■ Recorded information ■
++++++++++

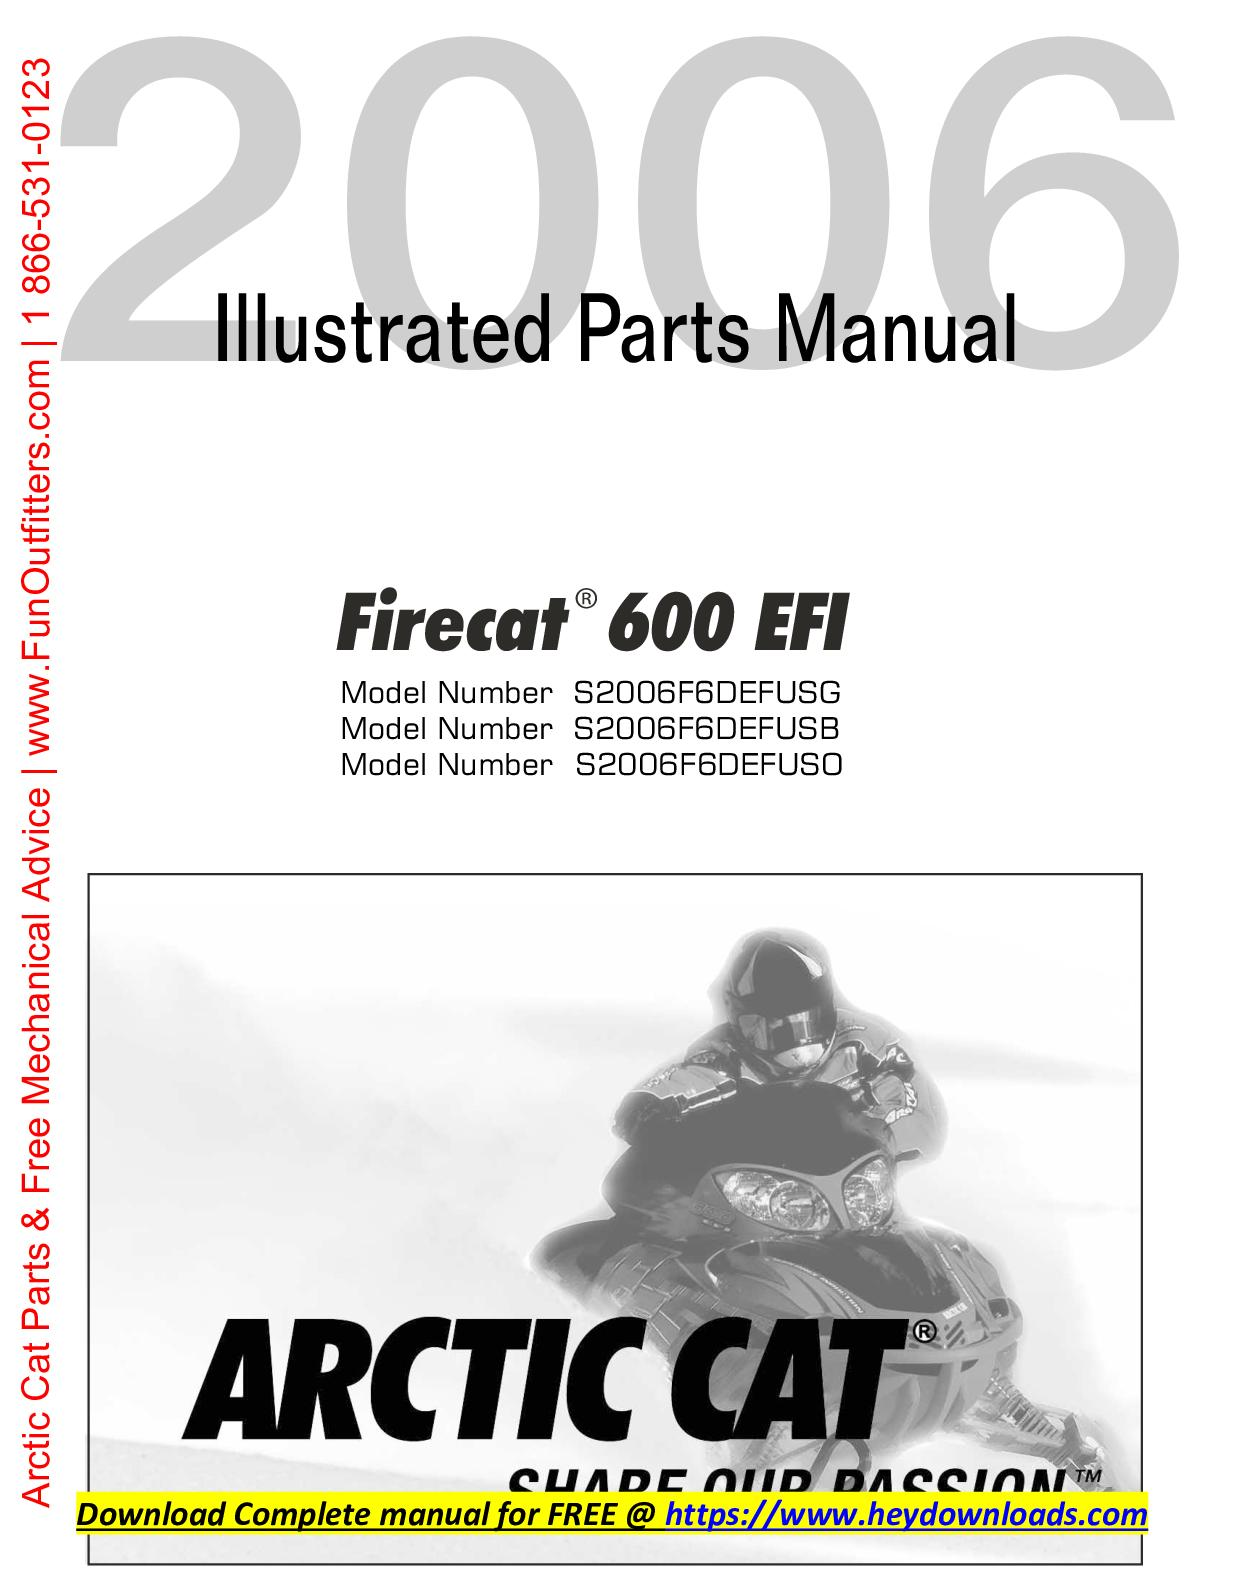 Arctic Cat Parts Diagram | Calameo Arctic Cat Snowmobile F6 Efi Parts Manual Catalog Download
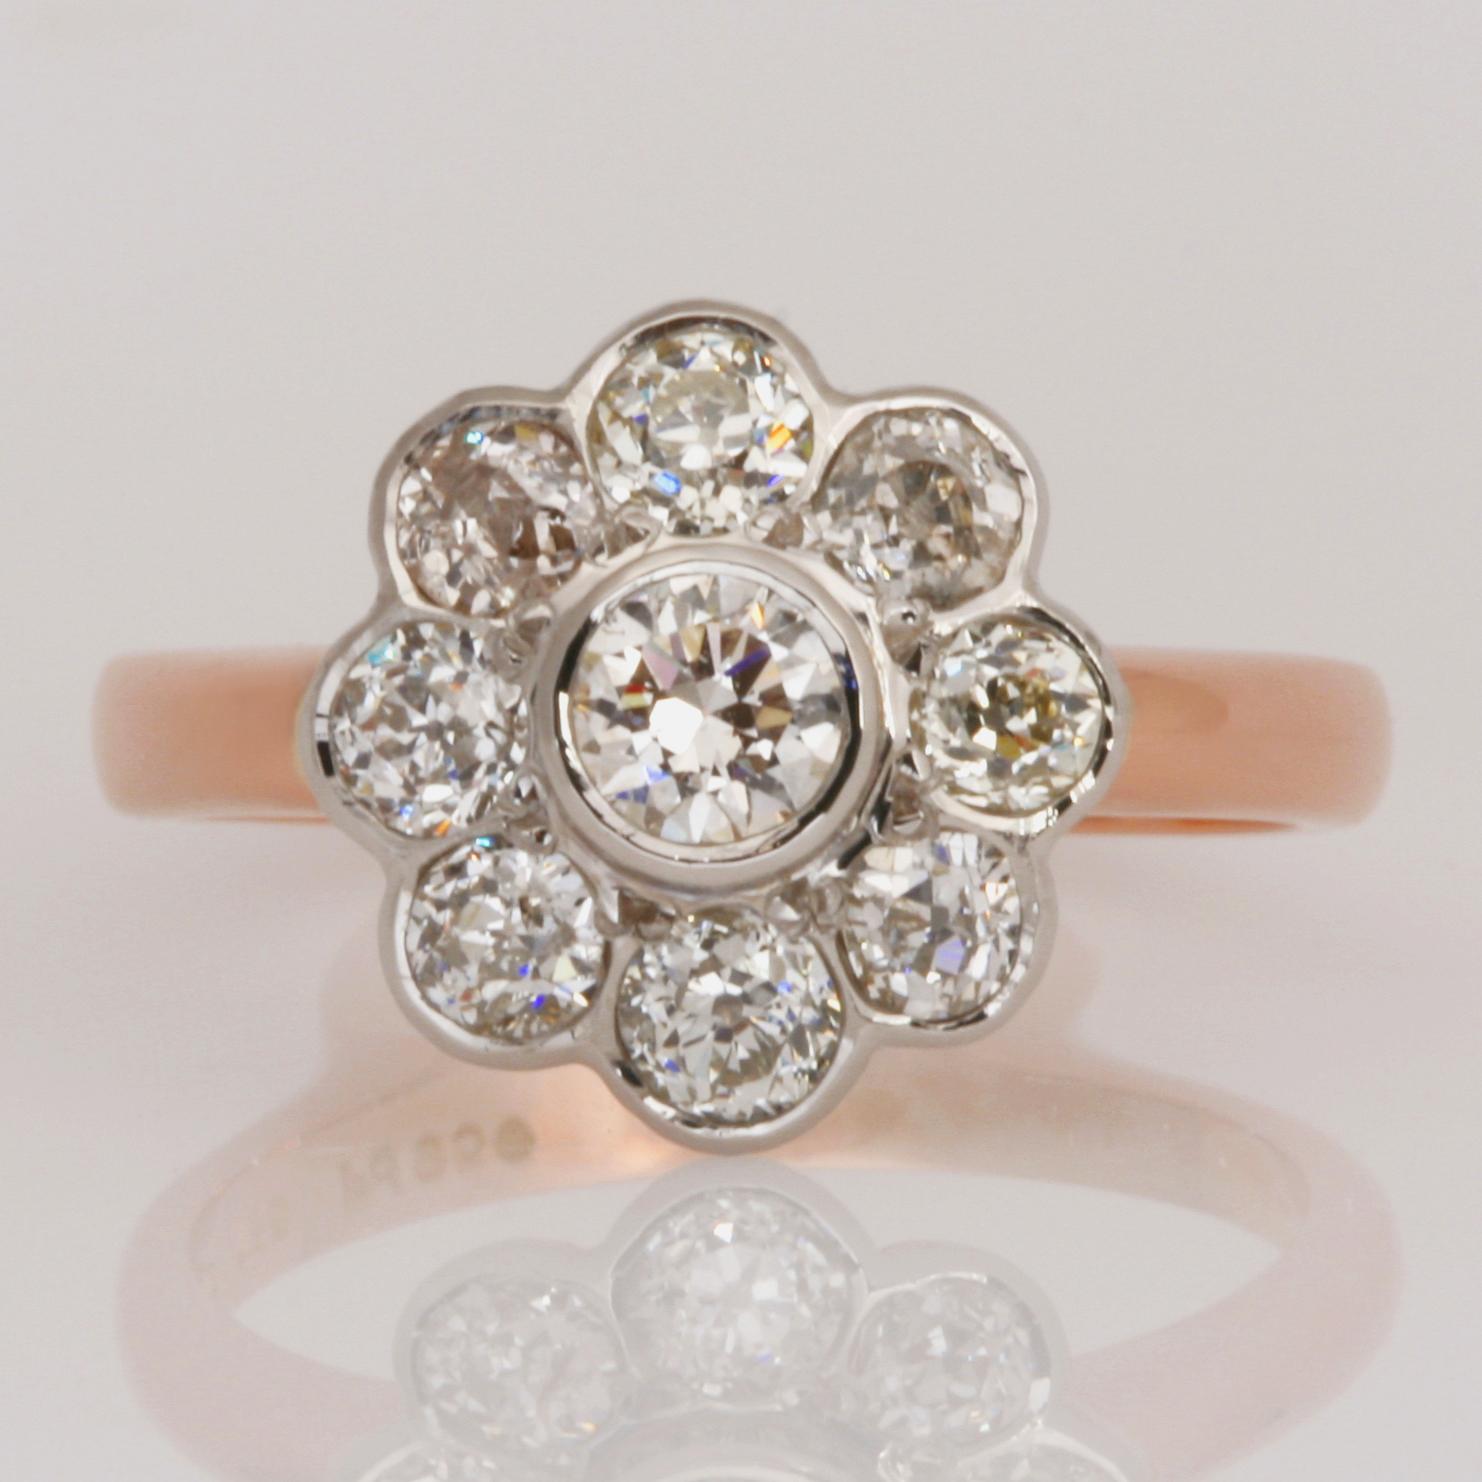 Handmade ladies palladium and 18ct rose gold diamond Engagement ring
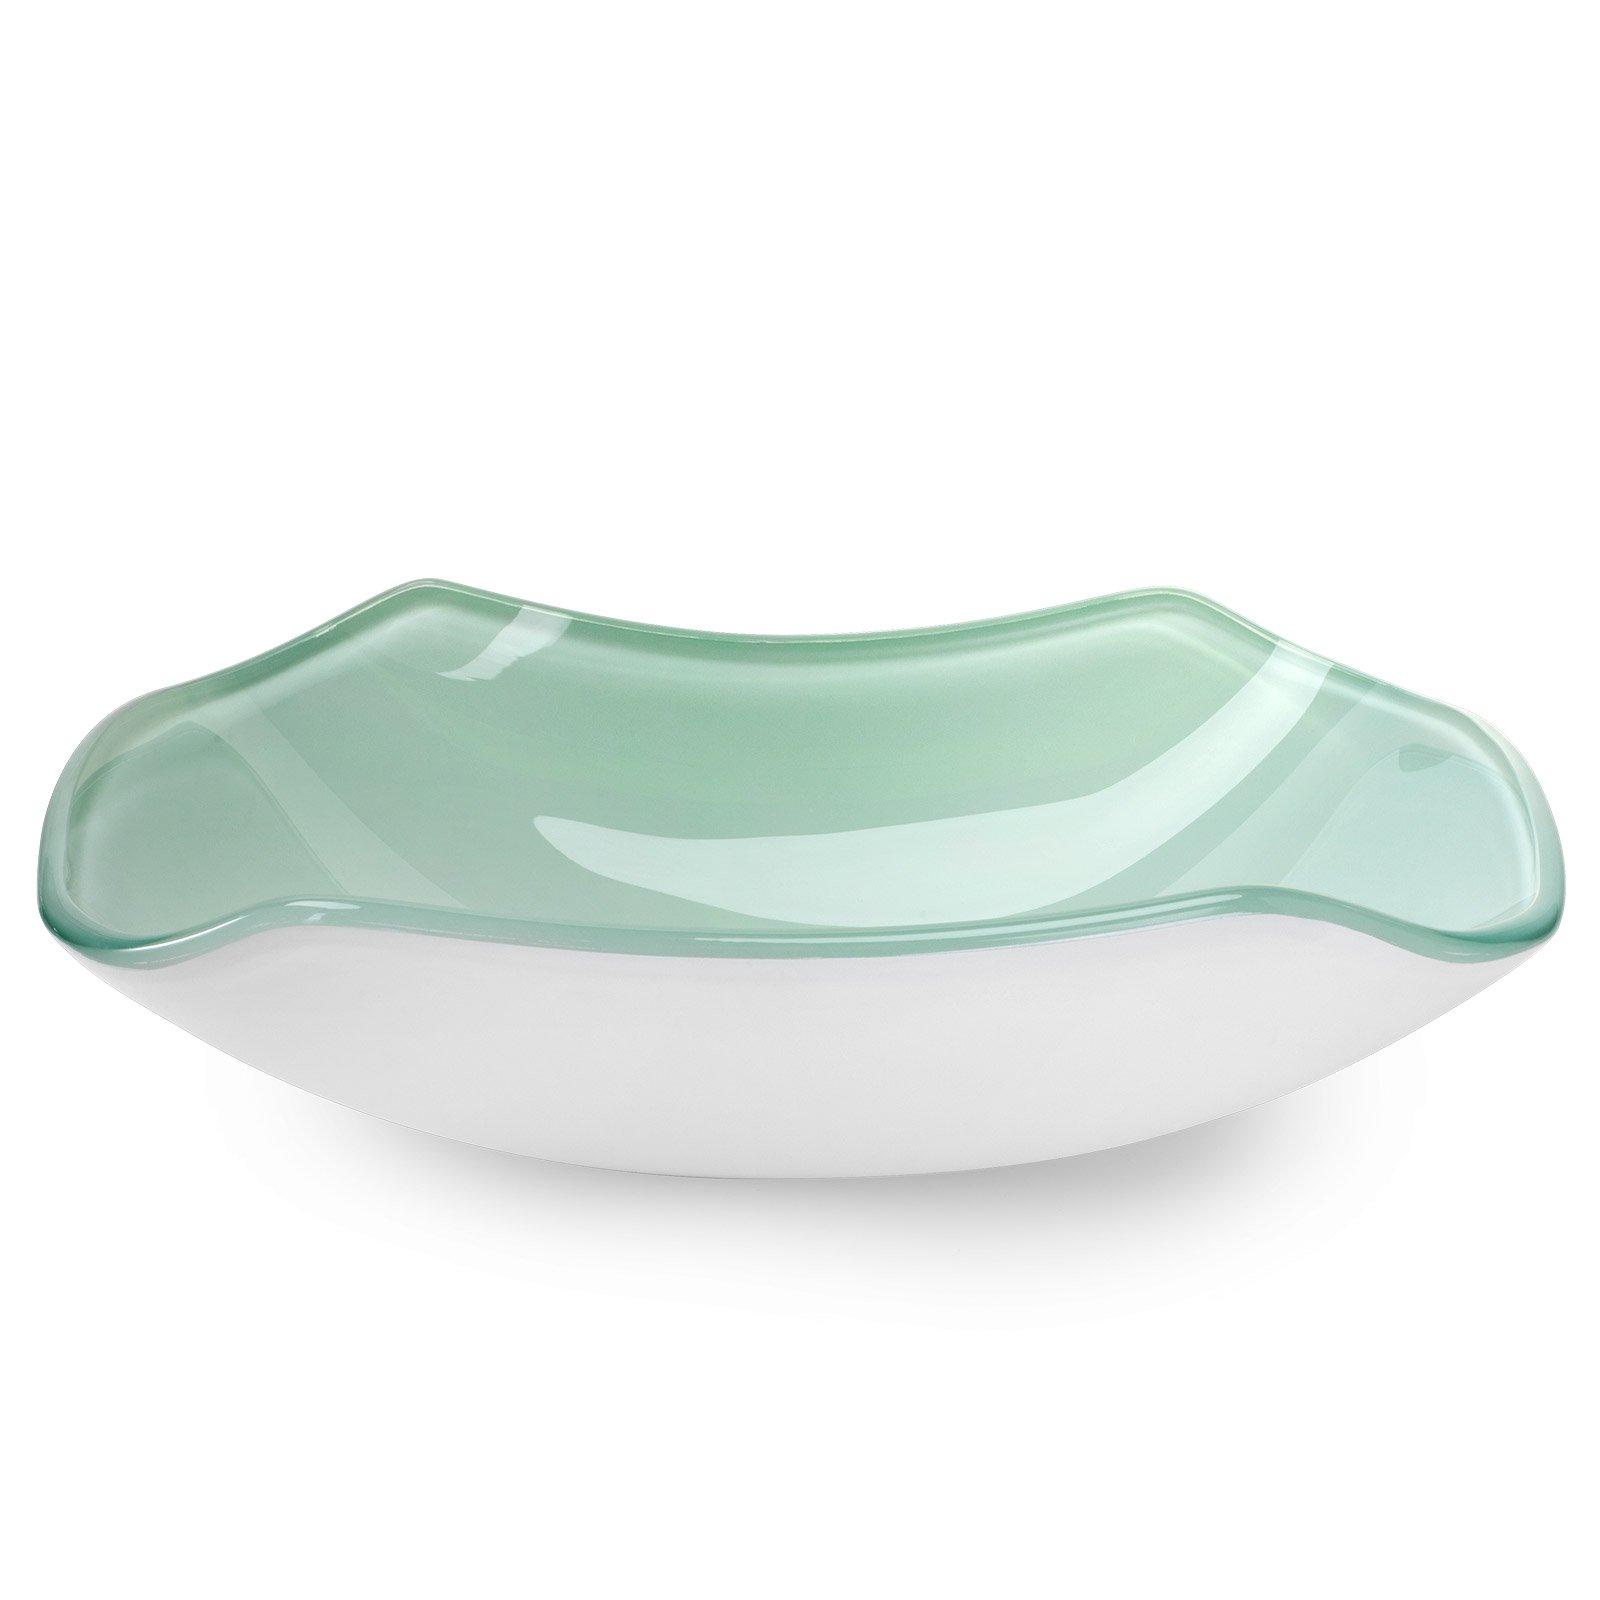 Miligoré Modern Glass Vessel Sink - Above Counter Bathroom Vanity Basin Bowl - Scalloped Clear & White
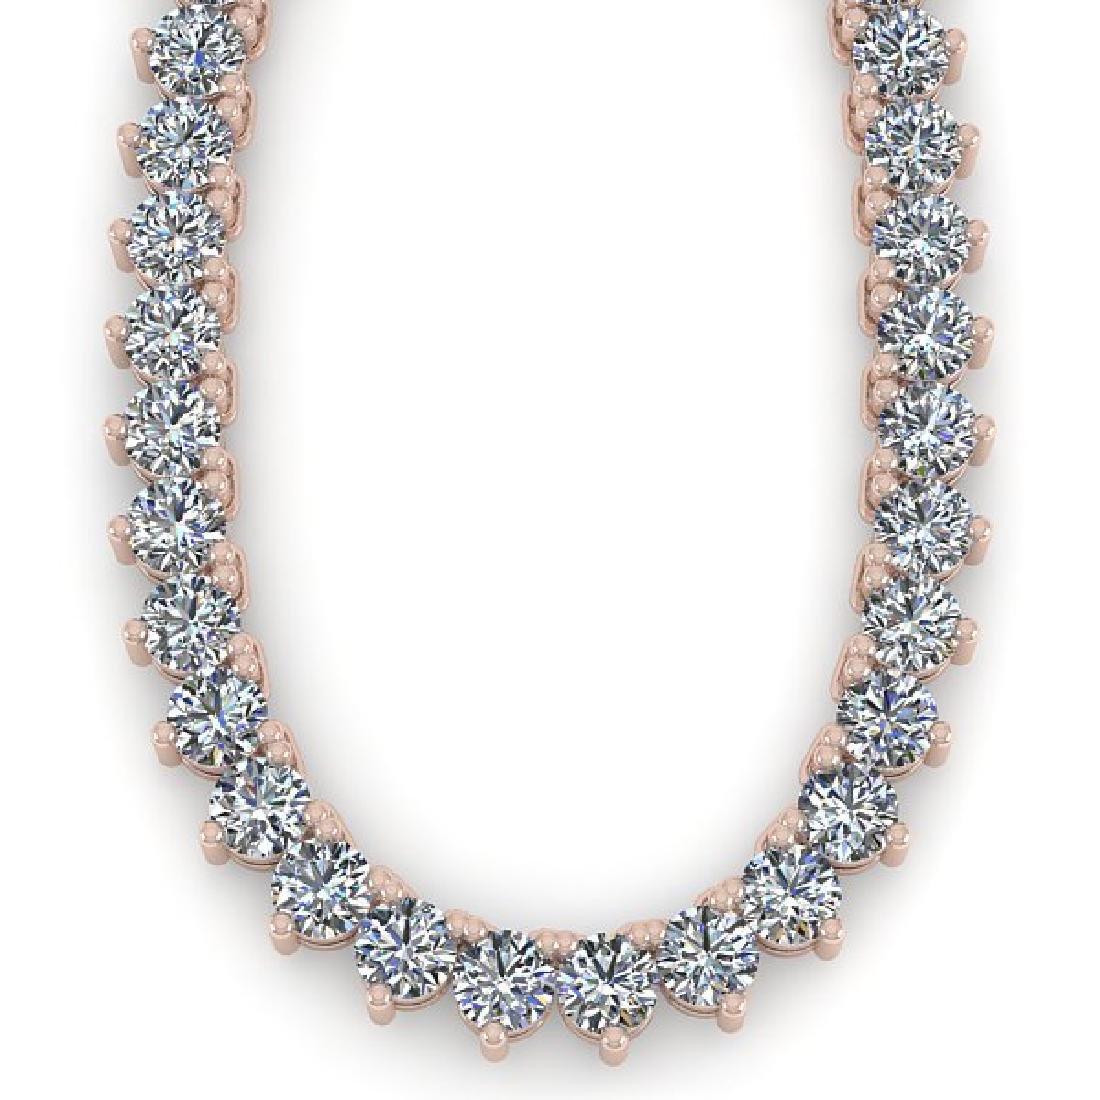 20 CTW Solitaire VS/SI Diamond Necklace 14K Rose Gold - 2

++++++++++

■ Problem to work on ■
The expected result is the complete listing above, printed exactly, with no pictures.

■ Solution for this problem ■
 Arctic Cat Parts Diagram | Calameo Arctic Cat Snowmobile F6 Efi Parts Manual Catalog Download
 Handmade ladies palladium and 18ct rose gold diamond Engagement ring
 Miligoré Modern Glass Vessel Sink - Above Counter Bathroom Vanity Basin Bowl - Scalloped Clear & White
 20 CTW Solitaire VS/SI Diamond Necklace 14K Rose Gold - 2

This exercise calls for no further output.